The mediating character of platforms means they “gain not only access to more data but also control and governance over the rules of the game” (loc 636). With this comes the challenge of facilitating continued growth within a competitive environment, using cross-subsidisation and leveraging network effects to position oneself as the central platform within a domain of activity. However in spite of these shared characteristics, different types of platform have emerged within different spheres of social life. Srnicek identifies 5 types:
The first type is that of advertising platforms (e.g. Google, Facebook), which extract information on users, undertake a labour of analysis, and then use the products of that process to sell ad space. The second type is that of cloud platforms (e.g. AWS, Salesforce), which own the hardware and software of digital-dependent businesses and are renting them out as needed. The third type is that of industrial platforms (e.g. GE, Siemens), which build the hardware and software necessary to transform traditional manufacturing into internet-connected processes that lower the costs of production and transform goods into services. The fourth type is that of product platforms (e.g. Rolls Royce, Spotify), which generate revenue by using other platforms to transform a traditional good into a service and by collecting rent or subscription fees on them. Finally, the fifth type is that of lean platforms (e.g. Uber, Airbnb), which attempt to reduce their ownership of assets to a minimum and to profit by reducing costs as much as possible.
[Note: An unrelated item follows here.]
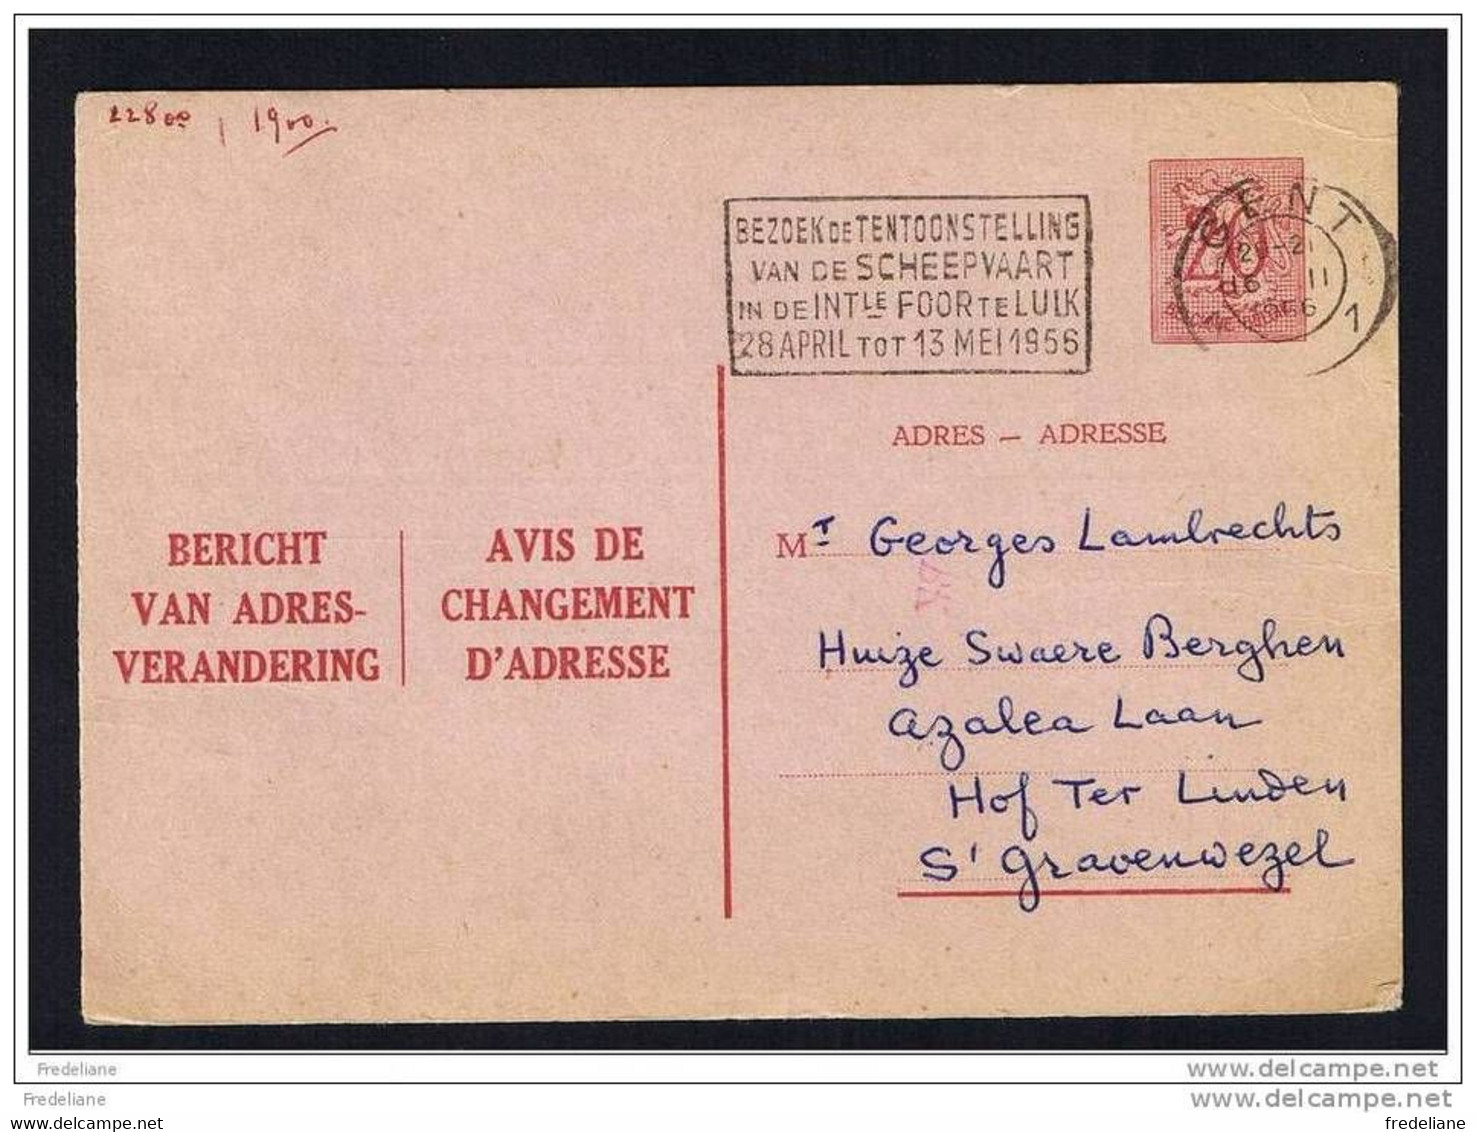 NEDERLANDS/FRANS NEERLANDAIS/FRANCAIS - 20CT - 1956 O - Adressenänderungen

Much of his subsequent analysis concerns the competitive conditions under which each type of platform operates, as well as how this is shaping the emerging field and platform capitalism as a whole. I don’t agree with all of it but it’s definitely worth reading in full. I understand his core points to be the following:
- The necessity of ‘data extraction’ has a basis in a longer term crisis of profitability within capitalism. These are, in effect, technical fixes for a systemic deterioration afflicting manufacturing and platforms represent a formalisation of these into a new emergent form.
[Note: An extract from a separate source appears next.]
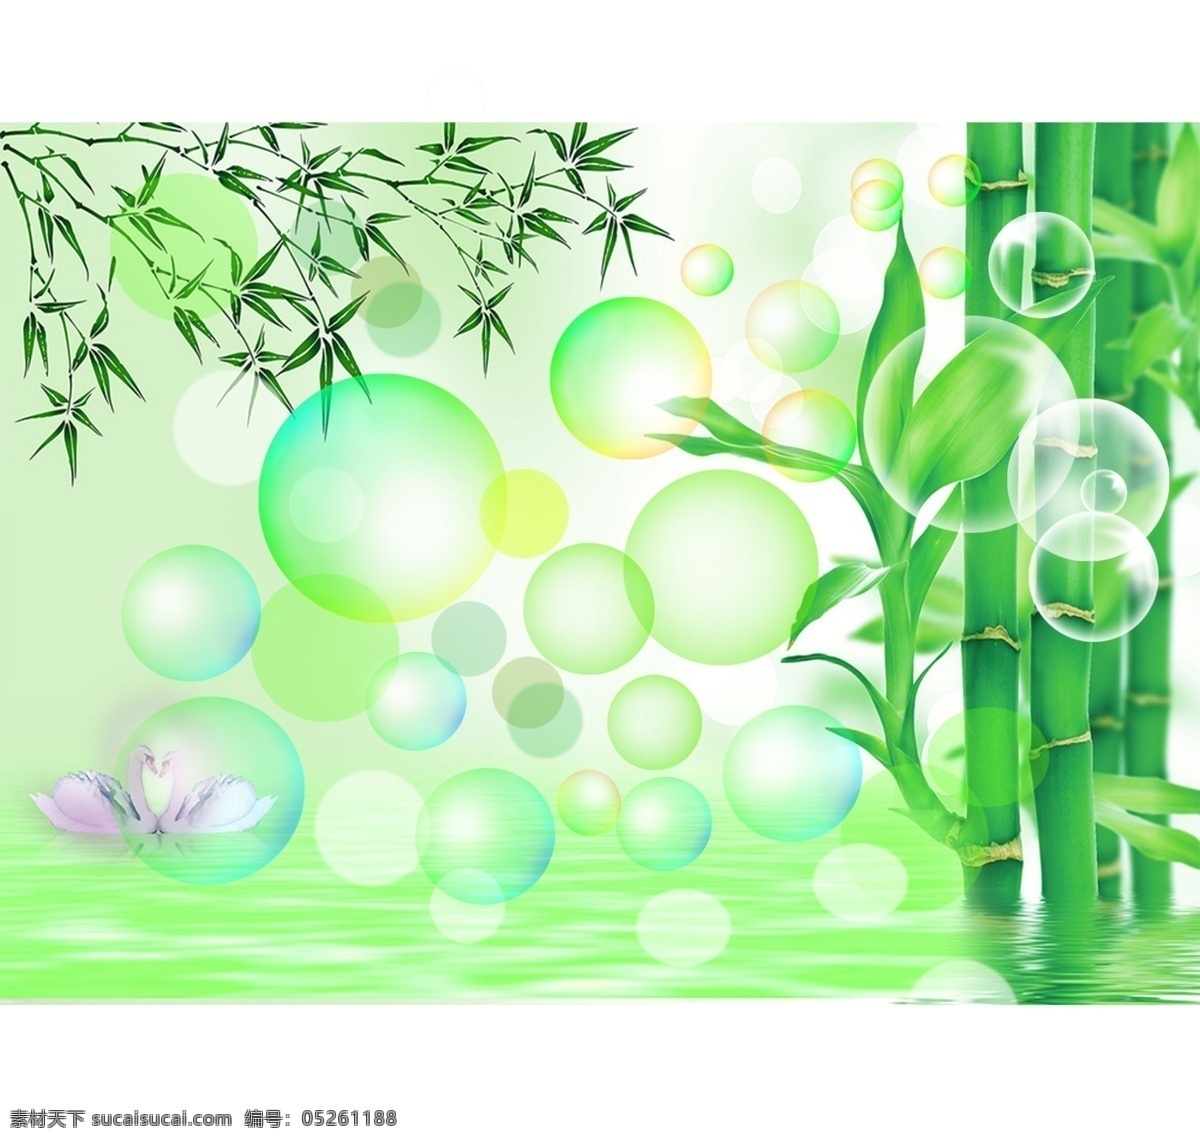 绿色 背景 竹子 源文件 水面 波纹 枝条 气泡 天鹅 绿色背景 psd源文件

- The financial conditions under which this platform economy has been able to emerge were historically specific and should not be assumed to continue indefinitely. The infrastructure through which ‘data extraction’ become technically viable, as well as the emergence of platforms as operating businesses were deeply dependent upon this.
- Platforms as emergent forms exhibit characteristics which shape competition between them, as well as guiding the unfolding of the digital economy as a whole. The fierce competition between them, the competitive challenges specific to categories of platforms, the dynamics of network effects and the affordances of their cash hoarding are leading to platform isomorphism. They have an inevitable drive towards monopoly, further incentivised by the dynamics of accruing investment, which leaves them orientated towards becoming owners of the infrastructure of society.
The analysis of platform tendencies is probably my favourite part of the book. He talks about expansion of extraction, positioning as a gatekeeper, convergence of markets and enclosure of ecosystems. These are analysed in the final chapter in some detail and offer a convincing meso-level account of the claimed macro tendency towards monopoly or oligopoly.